• _WHAT IS NEEDED_:
Directions for the data below: repeat exactly the lines from the one with "Andy Warhol Black" through the one with "Tangla lighting - TLT7440-01NT", both included, and omit all pictures.

• _RECORDS_:

====================

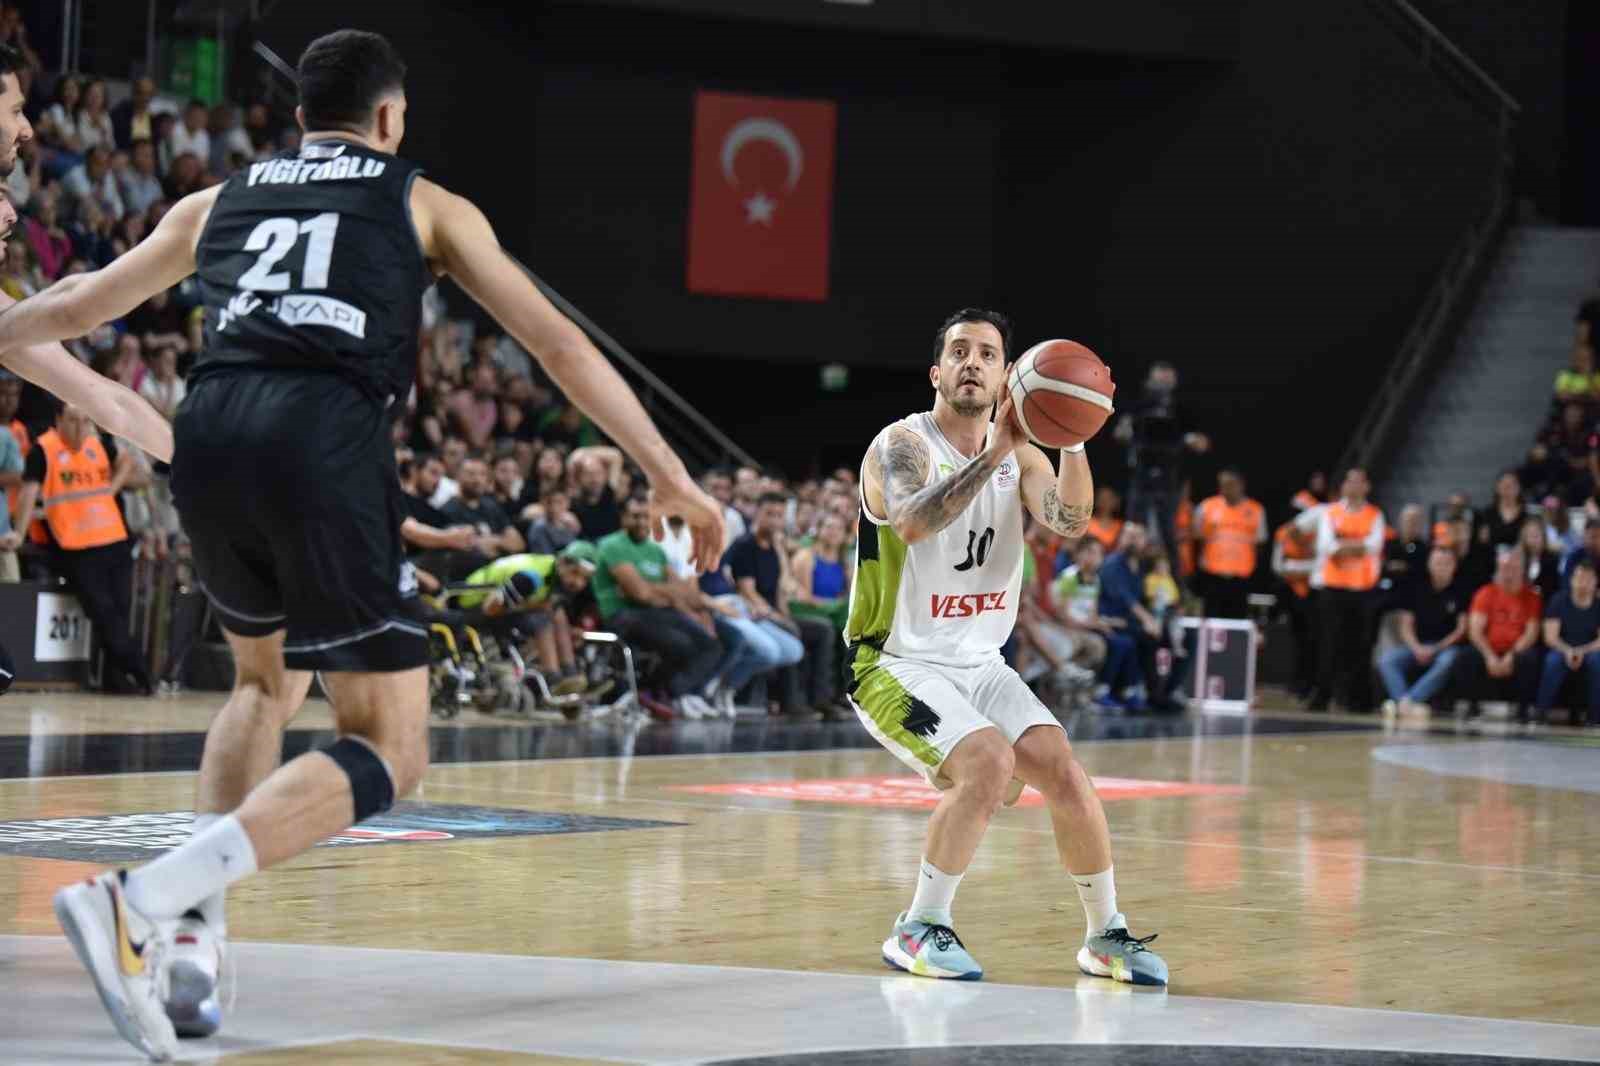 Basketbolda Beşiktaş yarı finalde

====================

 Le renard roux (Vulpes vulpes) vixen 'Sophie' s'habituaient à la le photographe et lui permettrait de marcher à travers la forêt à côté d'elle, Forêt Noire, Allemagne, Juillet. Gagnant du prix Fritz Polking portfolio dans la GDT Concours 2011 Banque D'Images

====================

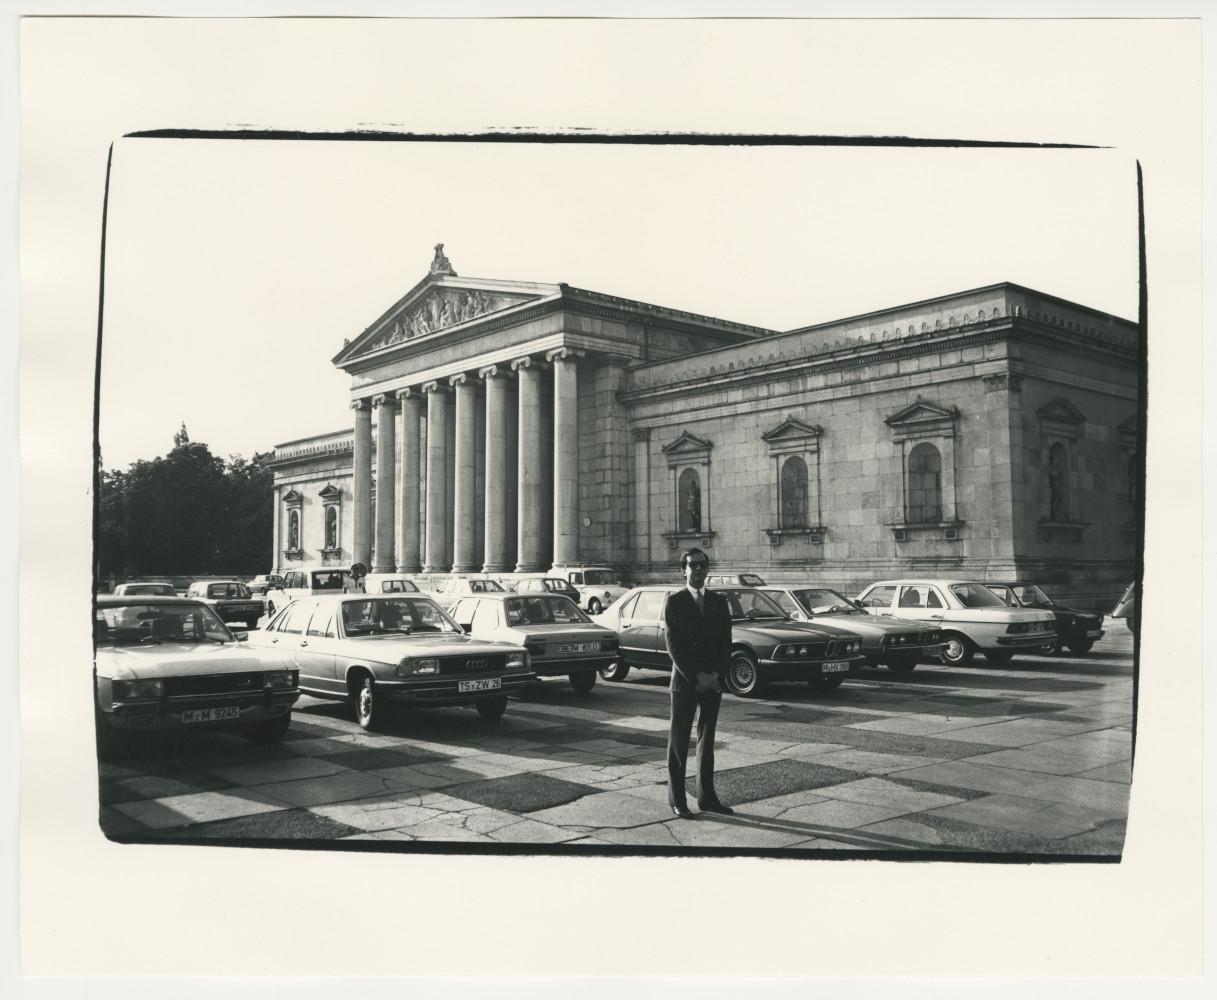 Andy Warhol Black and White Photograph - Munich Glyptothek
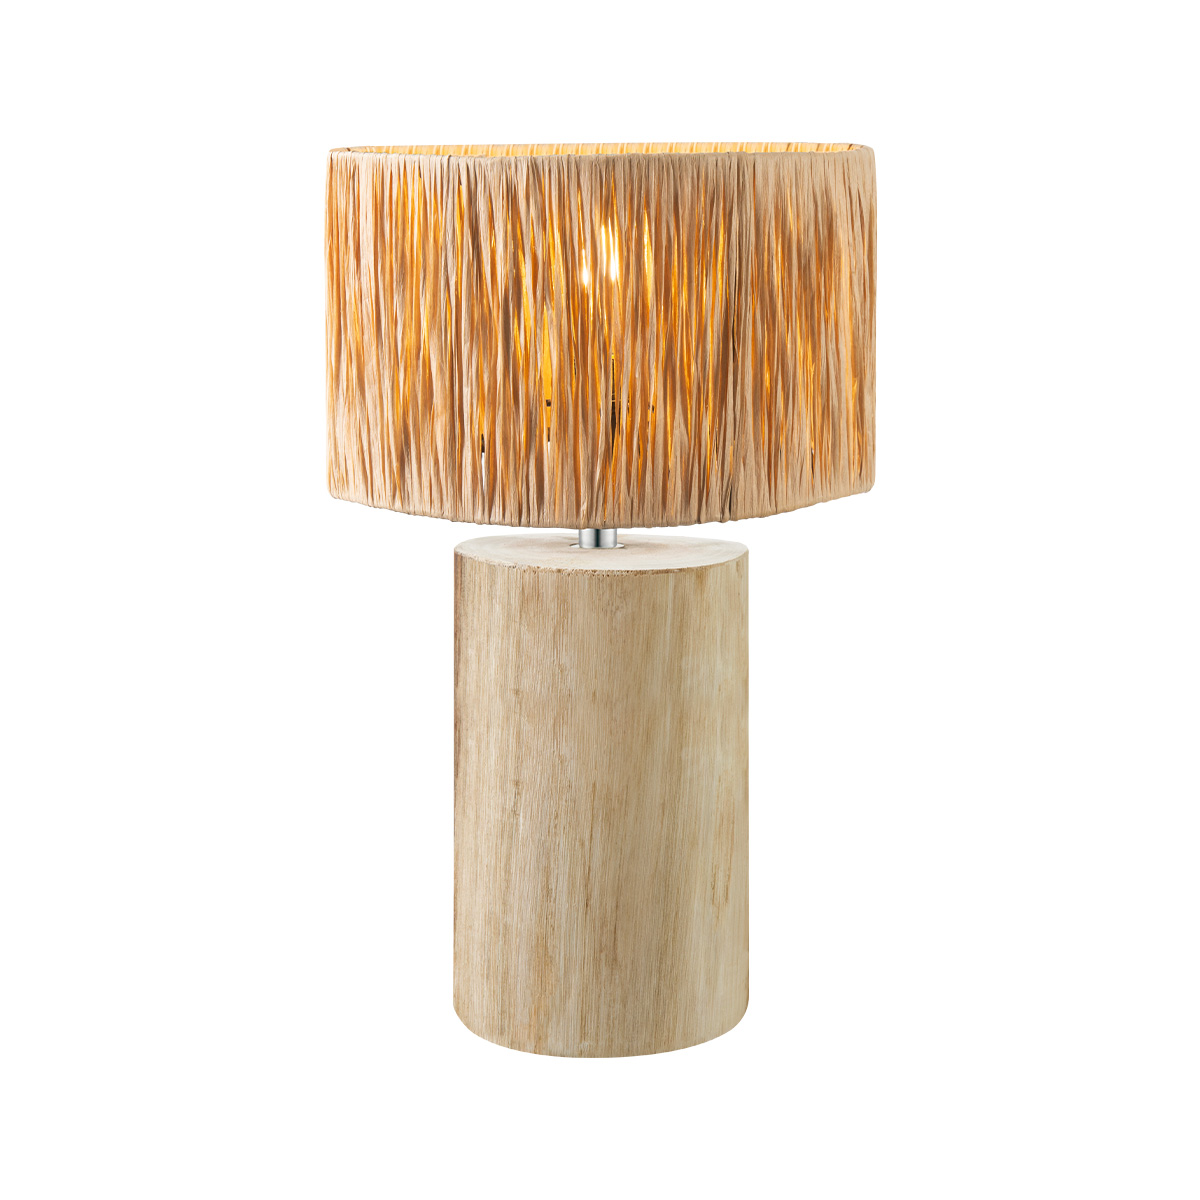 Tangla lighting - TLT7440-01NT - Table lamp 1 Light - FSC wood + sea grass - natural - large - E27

====================

• _EXERCISE OUTPUT_:
 Andy Warhol Black and White Photograph - Munich Glyptothek
 Tangla lighting - TLT7440-01NT - Table lamp 1 Light - FSC wood + sea grass - natural - large - E27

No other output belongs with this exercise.